[Beowulf] Fwd: warewulf - cannot log into nodes

Thu Nov 29 09:12:16 PST 2012

On 11/29/2012 06:35 AM, Duke Nguyen wrote:
> On 11/29/12 5:52 PM, Duke Nguyen wrote:
>> On 11/28/12 1:56 AM, Gus Correa wrote:
>>> On 11/27/2012 01:52 PM, Gus Correa wrote:
>>>> On 11/27/2012 02:14 AM, Duke Nguyen wrote:
>>>>> On 11/27/12 1:44 PM, Christopher Samuel wrote:
>>>>>> -----BEGIN PGP SIGNED MESSAGE-----
>>>>>> Hash: SHA1
>>>>>>
>>>>>> On 27/11/12 15:51, Duke Nguyen wrote:
>>>>>>
>>>>>>> Thanks!
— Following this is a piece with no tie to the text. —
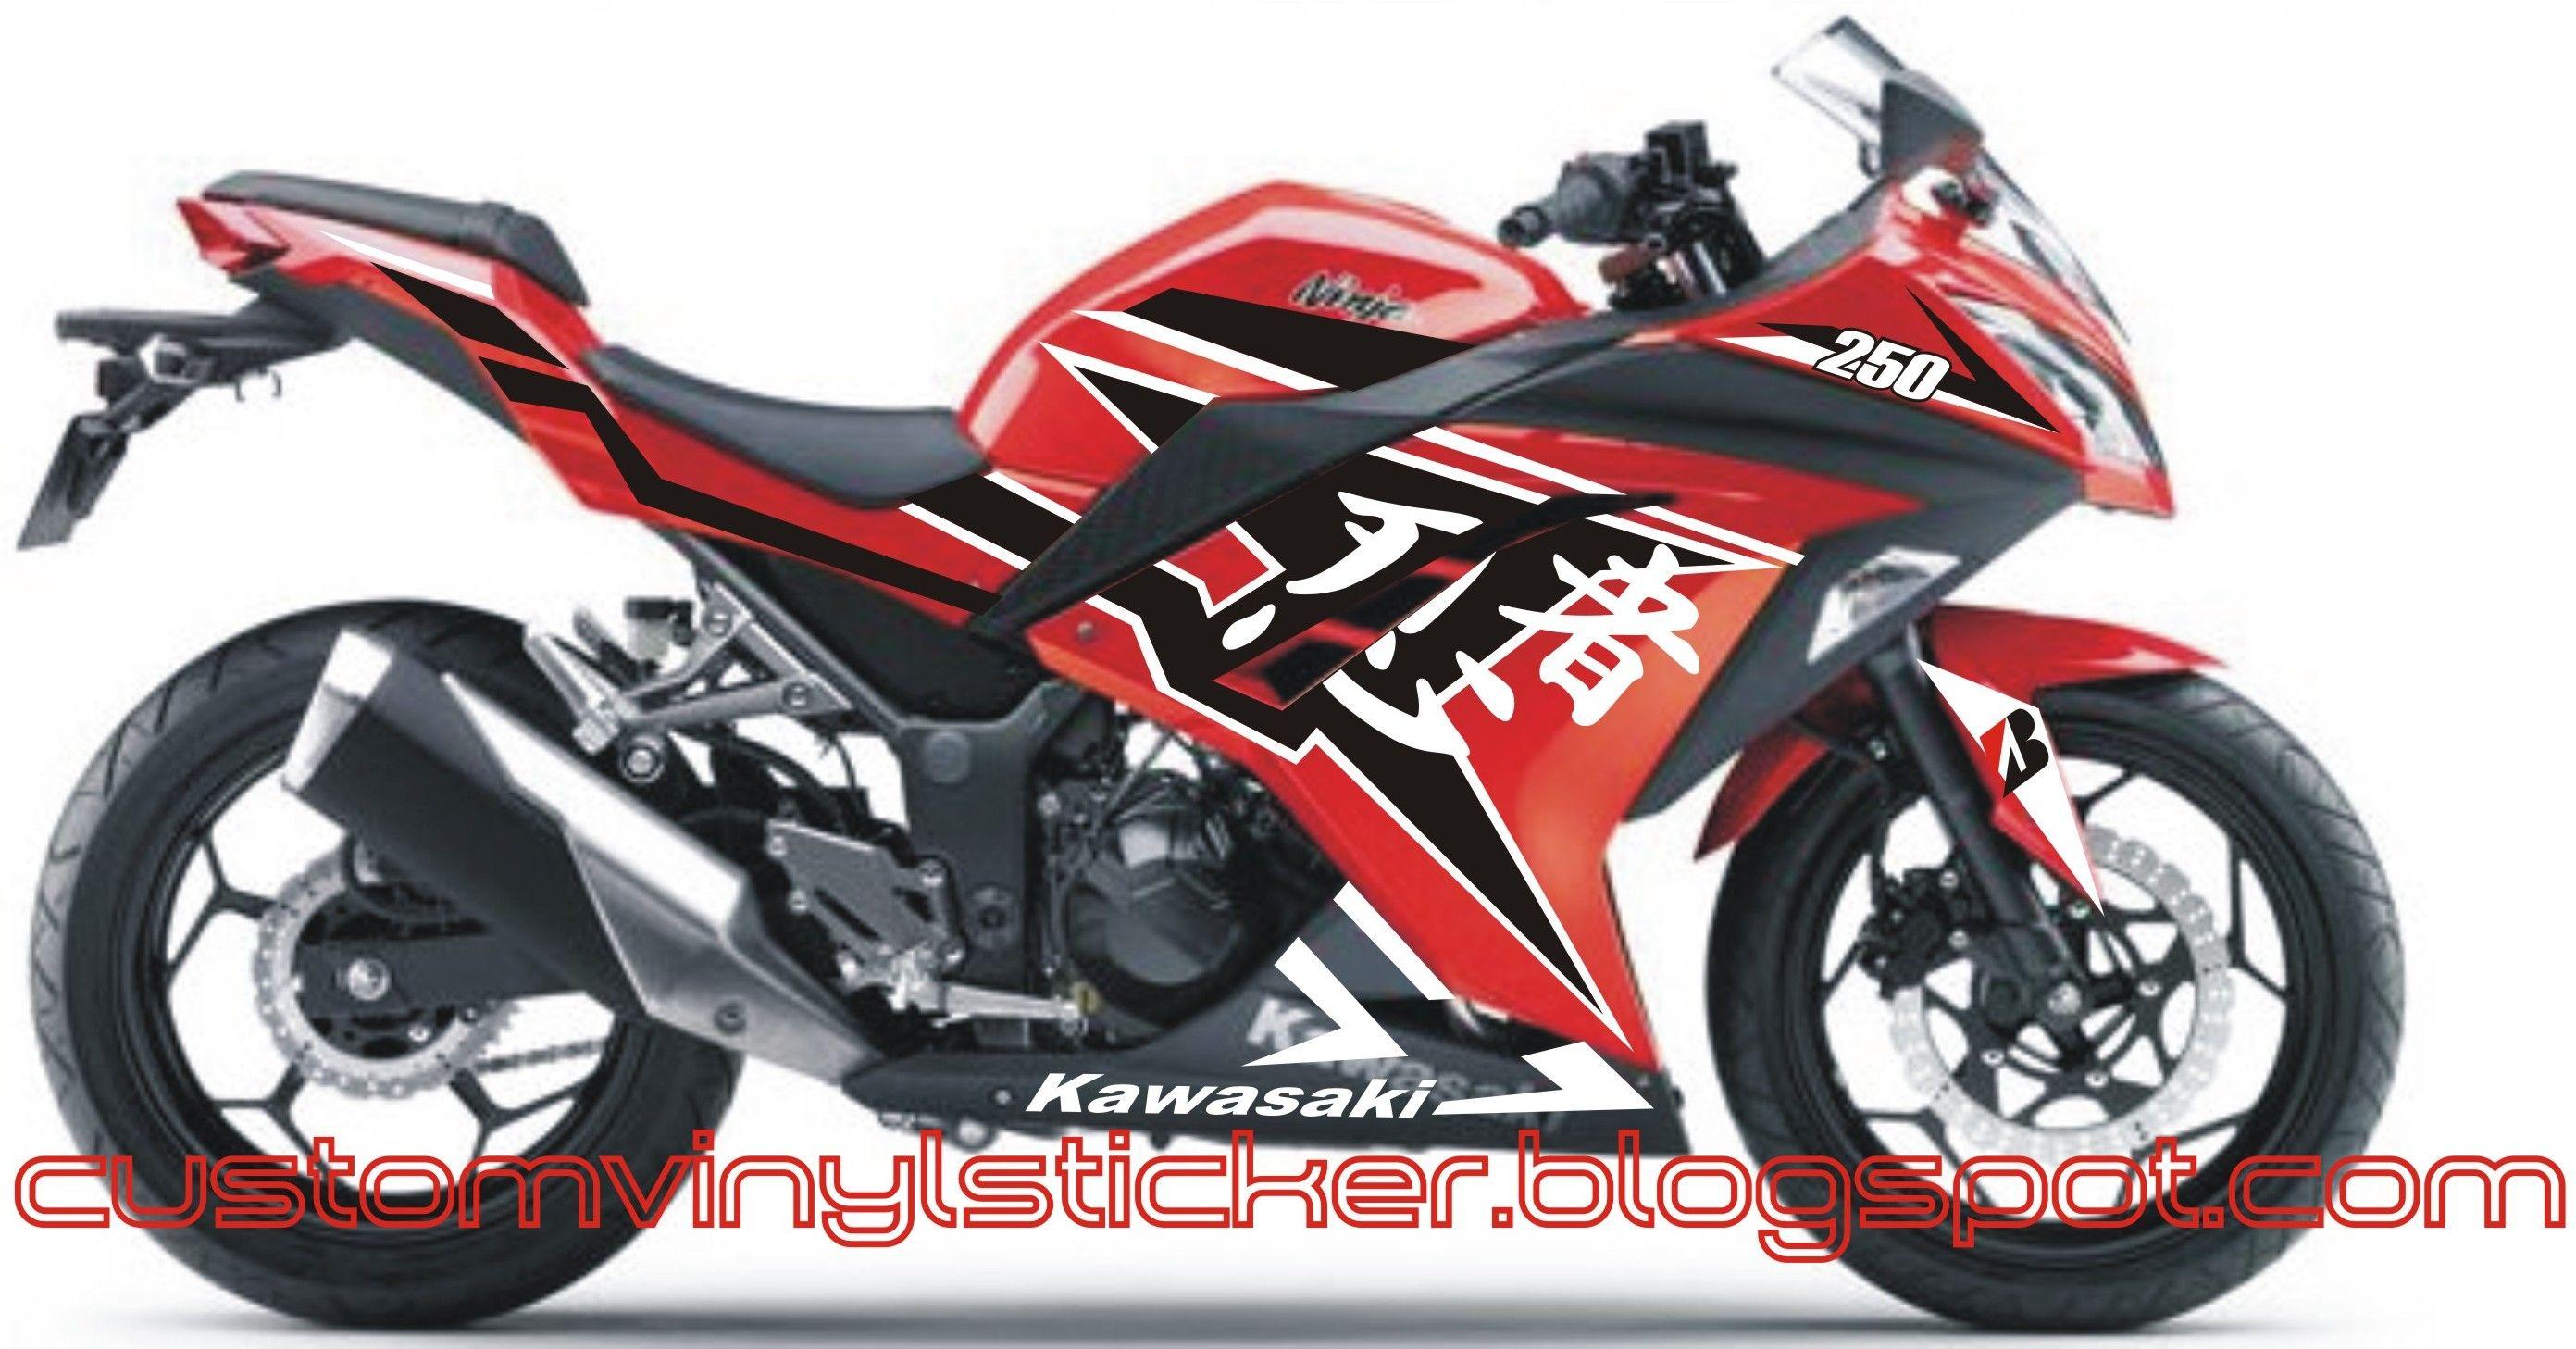 Design sticker ninja 250 - Kawasaki Ninja 250 F1 Red Ninjutsu Custom Sticker Concept

Yes, I am trying to get the system work with
>>>>>>> Torque/Maui/OpenMPI now.
>>>>>> Make sure you build Open-MPI with support for Torques TM interface,
>>>>>> that will save you a lot of hassle as it means mpiexec/mpirun will
>>>>>> find out directly from Torque what nodes and processors have been
>>>>>> allocated for the job.
>>>>> Christopher, how would I check that? I got Torque/Maui/OpenMPI up,
>>>>> working with root (not with normal user yet :( !!!), tried mpirun
>>>>> and it
>>>>> worked fine:
>>>>>
>>> PS - Do 'qsub myjob' as a regular user, not as root.
>>>
>>>>> # /usr/lib64/openmpi/bin/mpirun -pernode --hostfile
>>>>> /home/mpiwulf/.openmpihostfile /home/mpiwulf/test/mpihello
>>>>> Hello world! I am process number: 3 on host node0118
>>>>> Hello world! I am process number: 1 on host node0104
>>>>> Hello world! I am process number: 0 on host node0103
>>>>> Hello world! I am process number: 2 on host node0117
>>>>>
>>>>> Thanks,
>>>>>
>>>>> D.
>>>> D.
>>>>
>>>> Try to omit the hostfile from your mpirun command line,
>>>> put it inside a Torque/PBS script, and submit it with qsub.
>>>> Like this:
>>>>
>>>> *********************************
>>>> myPBSScript.tcsh
>>>> *********************************
>>>> #! /bin/tcsh
>>>> #PBS -l nodes=2:ppn=8 [Assuming your Torque 'nodes' file has np=8]
>>>> #PBS -q batch at mycluster.mydomain
>>>> #PBS -N hello
>>>> @ NP = `cat $PBS_NODEFILE | wc -l`
>>>> mpirun -np ${NP} ./mpihello
>>>> *********************************
>>>>
>>>> $ qsub myPBSScript.tcsh
>>>>
>>>>
>>>> If OpenMPI was built with Torque support,
>>>> the job will run on the nodes/processors allocated by Torque.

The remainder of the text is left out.